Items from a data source

===============

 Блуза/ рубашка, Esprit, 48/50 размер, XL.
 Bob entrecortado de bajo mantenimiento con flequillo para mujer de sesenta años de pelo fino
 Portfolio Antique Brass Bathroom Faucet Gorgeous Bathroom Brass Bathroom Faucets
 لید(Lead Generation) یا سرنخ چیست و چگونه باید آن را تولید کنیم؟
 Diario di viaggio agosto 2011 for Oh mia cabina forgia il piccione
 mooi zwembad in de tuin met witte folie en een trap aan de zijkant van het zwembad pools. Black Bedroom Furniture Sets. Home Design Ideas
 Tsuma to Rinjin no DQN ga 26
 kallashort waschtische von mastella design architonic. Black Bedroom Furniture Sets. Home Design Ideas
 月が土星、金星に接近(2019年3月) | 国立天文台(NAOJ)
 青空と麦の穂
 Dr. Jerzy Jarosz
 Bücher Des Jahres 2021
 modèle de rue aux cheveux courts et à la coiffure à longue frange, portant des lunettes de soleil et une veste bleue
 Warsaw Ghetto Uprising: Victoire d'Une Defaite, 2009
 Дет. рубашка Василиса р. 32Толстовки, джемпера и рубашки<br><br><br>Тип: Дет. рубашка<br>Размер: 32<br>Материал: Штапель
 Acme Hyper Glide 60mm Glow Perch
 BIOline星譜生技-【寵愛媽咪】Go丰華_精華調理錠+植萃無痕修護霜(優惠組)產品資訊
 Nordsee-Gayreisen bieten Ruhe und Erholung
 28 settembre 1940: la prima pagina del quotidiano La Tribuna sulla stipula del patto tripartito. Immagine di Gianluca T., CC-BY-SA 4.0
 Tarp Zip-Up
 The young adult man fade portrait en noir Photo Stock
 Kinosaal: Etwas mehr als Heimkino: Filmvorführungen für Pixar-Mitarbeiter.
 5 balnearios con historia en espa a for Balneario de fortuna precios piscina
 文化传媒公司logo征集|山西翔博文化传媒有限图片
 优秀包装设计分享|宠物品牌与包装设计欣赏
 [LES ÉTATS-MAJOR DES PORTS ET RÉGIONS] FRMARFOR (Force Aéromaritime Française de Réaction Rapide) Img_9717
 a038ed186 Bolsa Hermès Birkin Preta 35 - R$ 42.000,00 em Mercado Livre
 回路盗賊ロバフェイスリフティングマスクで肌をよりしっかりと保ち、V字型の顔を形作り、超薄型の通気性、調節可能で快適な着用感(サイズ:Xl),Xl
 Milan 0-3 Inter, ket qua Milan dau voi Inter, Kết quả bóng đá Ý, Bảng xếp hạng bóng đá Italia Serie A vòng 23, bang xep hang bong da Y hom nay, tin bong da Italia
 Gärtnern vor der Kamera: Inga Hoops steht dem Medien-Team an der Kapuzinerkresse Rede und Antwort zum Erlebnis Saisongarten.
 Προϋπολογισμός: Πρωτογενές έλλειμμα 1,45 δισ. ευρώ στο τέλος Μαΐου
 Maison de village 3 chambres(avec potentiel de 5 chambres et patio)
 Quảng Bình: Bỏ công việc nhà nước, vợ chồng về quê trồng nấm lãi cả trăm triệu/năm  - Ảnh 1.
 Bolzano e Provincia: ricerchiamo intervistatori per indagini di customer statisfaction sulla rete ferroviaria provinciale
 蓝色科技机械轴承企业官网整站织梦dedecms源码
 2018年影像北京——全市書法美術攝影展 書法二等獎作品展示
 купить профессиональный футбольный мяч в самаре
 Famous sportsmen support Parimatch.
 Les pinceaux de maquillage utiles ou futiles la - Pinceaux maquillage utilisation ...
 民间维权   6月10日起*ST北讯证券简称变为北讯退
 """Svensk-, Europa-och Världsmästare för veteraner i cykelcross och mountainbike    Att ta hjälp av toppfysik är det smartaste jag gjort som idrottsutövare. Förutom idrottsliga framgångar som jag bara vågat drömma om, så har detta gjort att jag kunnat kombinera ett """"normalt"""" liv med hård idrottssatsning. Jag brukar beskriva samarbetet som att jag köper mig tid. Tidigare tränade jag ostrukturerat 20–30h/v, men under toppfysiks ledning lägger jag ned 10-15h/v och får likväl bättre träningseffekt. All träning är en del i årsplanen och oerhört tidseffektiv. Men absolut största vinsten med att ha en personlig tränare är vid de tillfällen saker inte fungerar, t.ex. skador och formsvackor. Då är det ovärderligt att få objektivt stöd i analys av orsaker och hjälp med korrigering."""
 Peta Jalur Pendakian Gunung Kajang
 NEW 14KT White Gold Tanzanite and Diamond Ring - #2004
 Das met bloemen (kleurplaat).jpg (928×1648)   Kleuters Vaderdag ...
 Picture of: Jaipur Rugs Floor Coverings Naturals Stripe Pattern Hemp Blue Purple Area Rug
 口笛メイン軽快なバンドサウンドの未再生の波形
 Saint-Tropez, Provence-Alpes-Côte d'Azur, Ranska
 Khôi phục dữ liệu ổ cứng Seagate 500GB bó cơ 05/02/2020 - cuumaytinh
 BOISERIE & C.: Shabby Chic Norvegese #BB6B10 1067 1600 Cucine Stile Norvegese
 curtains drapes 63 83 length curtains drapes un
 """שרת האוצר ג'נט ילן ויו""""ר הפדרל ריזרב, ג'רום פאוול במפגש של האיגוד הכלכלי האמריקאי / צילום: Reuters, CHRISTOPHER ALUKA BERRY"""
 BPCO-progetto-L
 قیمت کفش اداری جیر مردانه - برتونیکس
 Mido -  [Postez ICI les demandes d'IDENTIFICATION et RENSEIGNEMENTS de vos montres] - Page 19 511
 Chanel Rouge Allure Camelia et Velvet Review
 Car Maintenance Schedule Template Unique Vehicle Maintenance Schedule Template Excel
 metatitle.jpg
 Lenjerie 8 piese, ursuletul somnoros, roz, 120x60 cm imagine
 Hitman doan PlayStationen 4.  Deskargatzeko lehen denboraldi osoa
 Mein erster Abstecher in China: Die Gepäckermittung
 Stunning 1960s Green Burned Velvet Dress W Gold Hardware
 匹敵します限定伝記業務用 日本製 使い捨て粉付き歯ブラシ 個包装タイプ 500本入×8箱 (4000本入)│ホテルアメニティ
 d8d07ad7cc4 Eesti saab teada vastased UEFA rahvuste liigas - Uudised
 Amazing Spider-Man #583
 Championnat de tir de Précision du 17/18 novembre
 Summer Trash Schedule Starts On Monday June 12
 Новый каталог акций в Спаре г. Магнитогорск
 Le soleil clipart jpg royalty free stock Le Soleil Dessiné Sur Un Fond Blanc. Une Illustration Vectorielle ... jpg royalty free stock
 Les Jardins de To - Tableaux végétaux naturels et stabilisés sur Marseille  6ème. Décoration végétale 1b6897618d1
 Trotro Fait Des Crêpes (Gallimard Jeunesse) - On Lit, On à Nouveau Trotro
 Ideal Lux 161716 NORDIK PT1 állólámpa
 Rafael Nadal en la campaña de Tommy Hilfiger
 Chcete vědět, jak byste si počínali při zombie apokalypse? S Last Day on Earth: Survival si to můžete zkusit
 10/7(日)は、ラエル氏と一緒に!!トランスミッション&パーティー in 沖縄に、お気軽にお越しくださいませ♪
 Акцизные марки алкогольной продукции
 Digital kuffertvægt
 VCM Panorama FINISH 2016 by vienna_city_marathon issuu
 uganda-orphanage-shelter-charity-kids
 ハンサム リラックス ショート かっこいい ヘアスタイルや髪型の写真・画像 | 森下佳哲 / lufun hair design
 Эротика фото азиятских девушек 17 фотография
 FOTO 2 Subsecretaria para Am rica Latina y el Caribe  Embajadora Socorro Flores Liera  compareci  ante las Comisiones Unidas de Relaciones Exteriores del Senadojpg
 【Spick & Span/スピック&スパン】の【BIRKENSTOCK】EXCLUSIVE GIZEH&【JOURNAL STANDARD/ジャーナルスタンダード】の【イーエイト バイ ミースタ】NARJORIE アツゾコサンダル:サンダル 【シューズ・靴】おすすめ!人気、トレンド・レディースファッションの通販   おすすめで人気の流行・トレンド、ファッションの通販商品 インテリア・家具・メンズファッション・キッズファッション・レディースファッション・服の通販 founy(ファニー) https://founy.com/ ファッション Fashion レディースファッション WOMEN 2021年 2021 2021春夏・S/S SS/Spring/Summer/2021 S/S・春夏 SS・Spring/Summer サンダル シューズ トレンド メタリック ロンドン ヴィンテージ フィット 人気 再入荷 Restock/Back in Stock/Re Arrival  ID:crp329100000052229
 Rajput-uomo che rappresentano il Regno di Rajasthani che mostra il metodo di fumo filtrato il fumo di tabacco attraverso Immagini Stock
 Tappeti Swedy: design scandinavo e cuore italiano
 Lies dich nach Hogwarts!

===============

EXERCISE AIM:
Repeat the records above line by line, from the first line through the line that contains "The young adult".

EXPECTED OUTPUT:
 Блуза/ рубашка, Esprit, 48/50 размер, XL.
 Bob entrecortado de bajo mantenimiento con flequillo para mujer de sesenta años de pelo fino
 Portfolio Antique Brass Bathroom Faucet Gorgeous Bathroom Brass Bathroom Faucets
 لید(Lead Generation) یا سرنخ چیست و چگونه باید آن را تولید کنیم؟
 Diario di viaggio agosto 2011 for Oh mia cabina forgia il piccione
 mooi zwembad in de tuin met witte folie en een trap aan de zijkant van het zwembad pools. Black Bedroom Furniture Sets. Home Design Ideas
 Tsuma to Rinjin no DQN ga 26
 kallashort waschtische von mastella design architonic. Black Bedroom Furniture Sets. Home Design Ideas
 月が土星、金星に接近(2019年3月) | 国立天文台(NAOJ)
 青空と麦の穂
 Dr. Jerzy Jarosz
 Bücher Des Jahres 2021
 modèle de rue aux cheveux courts et à la coiffure à longue frange, portant des lunettes de soleil et une veste bleue
 Warsaw Ghetto Uprising: Victoire d'Une Defaite, 2009
 Дет. рубашка Василиса р. 32Толстовки, джемпера и рубашки<br><br><br>Тип: Дет. рубашка<br>Размер: 32<br>Материал: Штапель
 Acme Hyper Glide 60mm Glow Perch
 BIOline星譜生技-【寵愛媽咪】Go丰華_精華調理錠+植萃無痕修護霜(優惠組)產品資訊
 Nordsee-Gayreisen bieten Ruhe und Erholung
 28 settembre 1940: la prima pagina del quotidiano La Tribuna sulla stipula del patto tripartito. Immagine di Gianluca T., CC-BY-SA 4.0
 Tarp Zip-Up
 The young adult man fade portrait en noir Photo Stock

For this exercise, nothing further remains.